Kafka has a much larger ecosystem of native integrations compared to Redpanda. The Kafka Connect framework allows straightforward data ingestion from other systems into Kafka, and the streaming of messages from Kafka topics to various destinations. There are hundreds of connectors for different types of systems, such as databases (e.g., MongoDB), storage systems (like Azure Blob Storage), messaging systems (for instance, JMS), and stream processing solutions (e.g., Apache Flink). Meanwhile, Redpanda offers around 15 managed connectors, to integrate with systems like Amazon S3, JDBC, Snowflake, and MongoDB.
It’s worth mentioning that Redpanda works with Kafka Connect connectors. However, there is no guarantee that Kafka components behave the same way when used by Redpanda, which is a non-Kafka solution that only uses the Kafka protocol.

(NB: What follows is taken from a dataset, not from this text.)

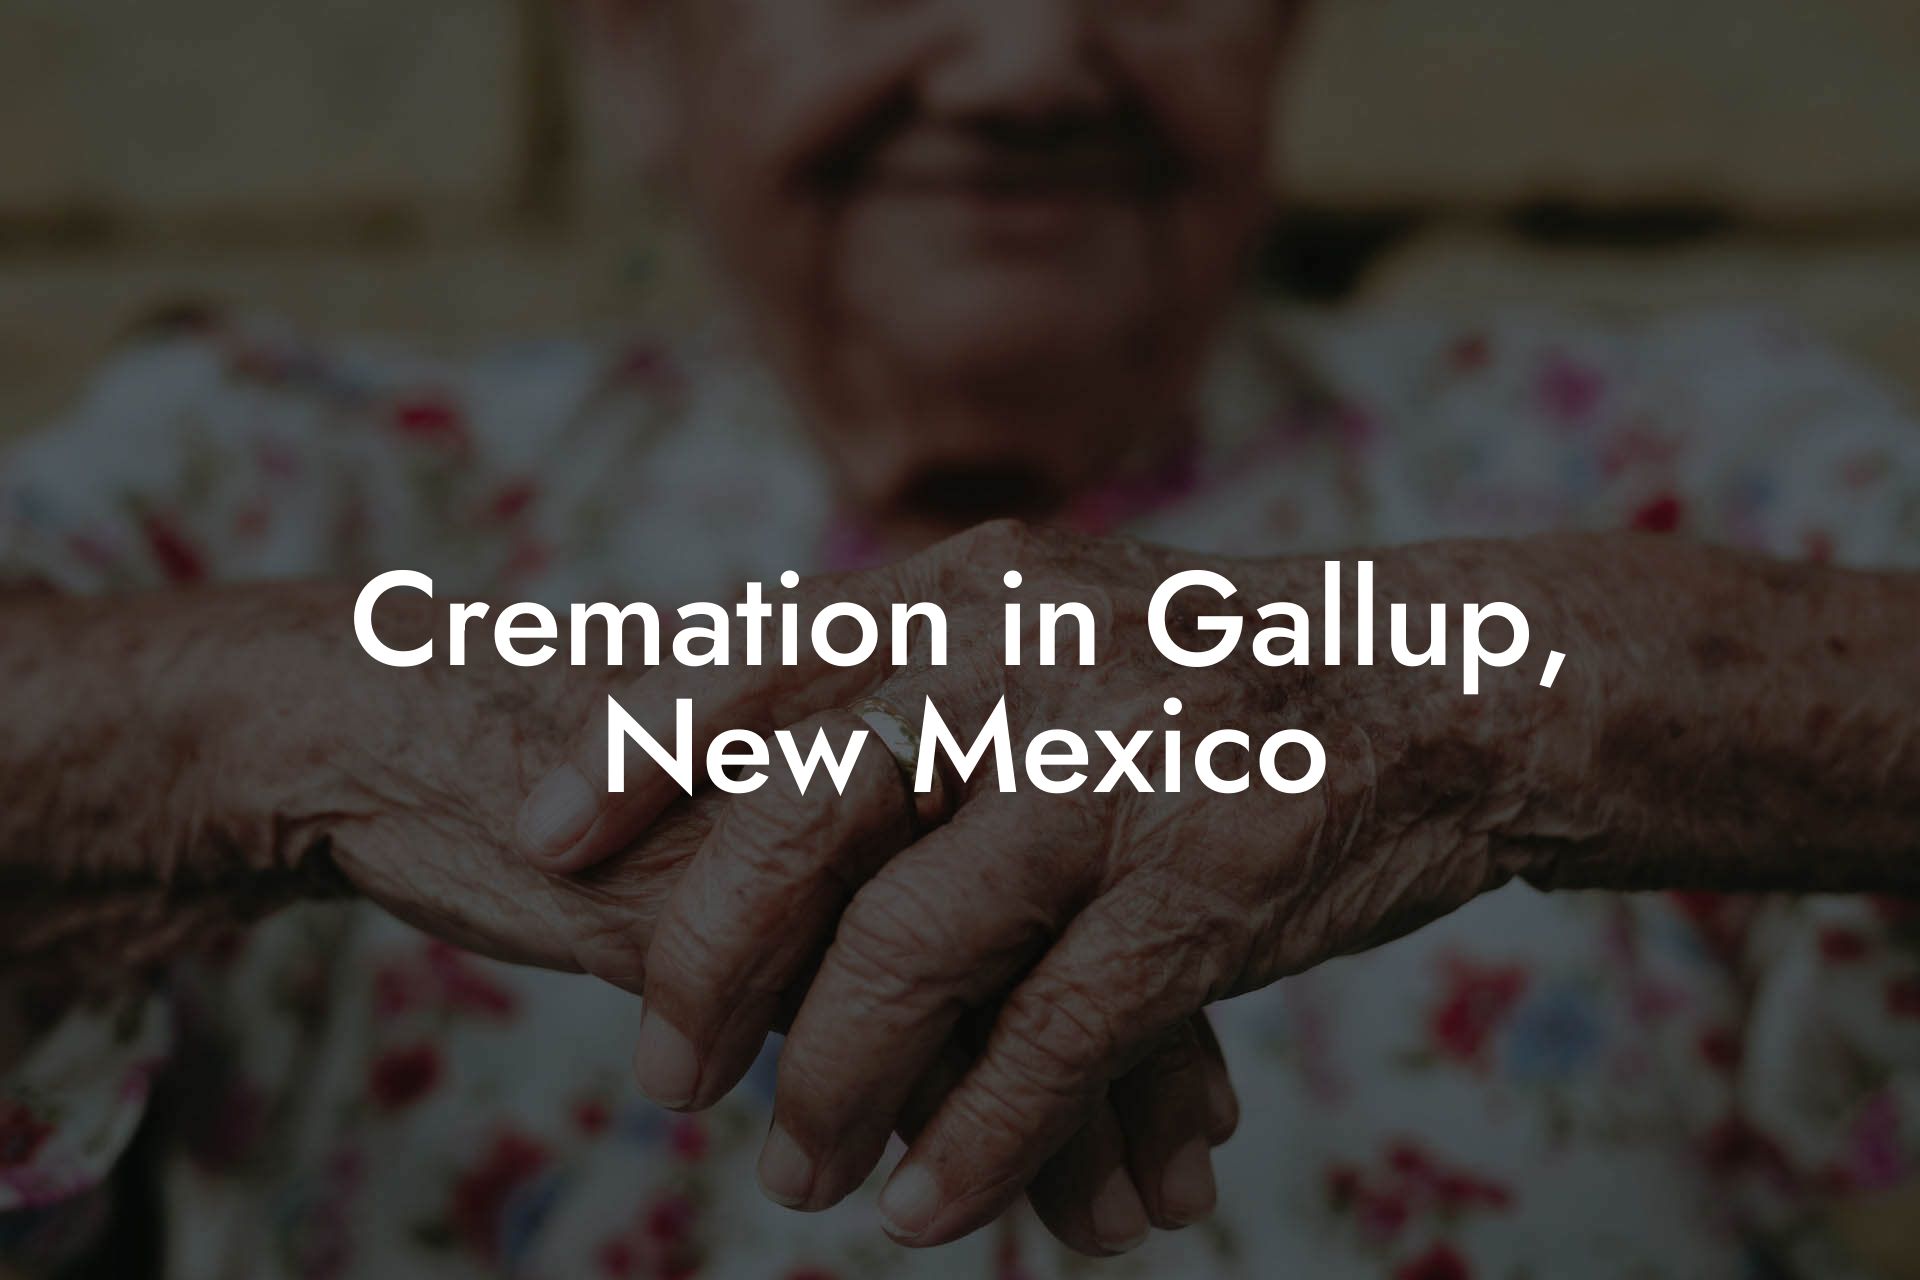 Cremation in Gallup, New Mexico

Kafka also has the upper hand on Redpanda in relation to native stream processing capabilities: Kafka Streams is a mature, stable library that was first released in 2016. In contrast, at the time of writing (September 2023), Redpanda’s native stream processing capability — Redpanda data transforms — is in technical preview, and not yet production-ready.
Redpanda vs. Kafka: performance, scalability, reliability
Kafka and Redpanda are resilient, fault-tolerant, and highly available solutions. Both platforms allow you to store messages indefinitely. Furthermore, Redpanda and Kafka can replicate data across brokers, which is essential for data integrity and preventing single points of failure.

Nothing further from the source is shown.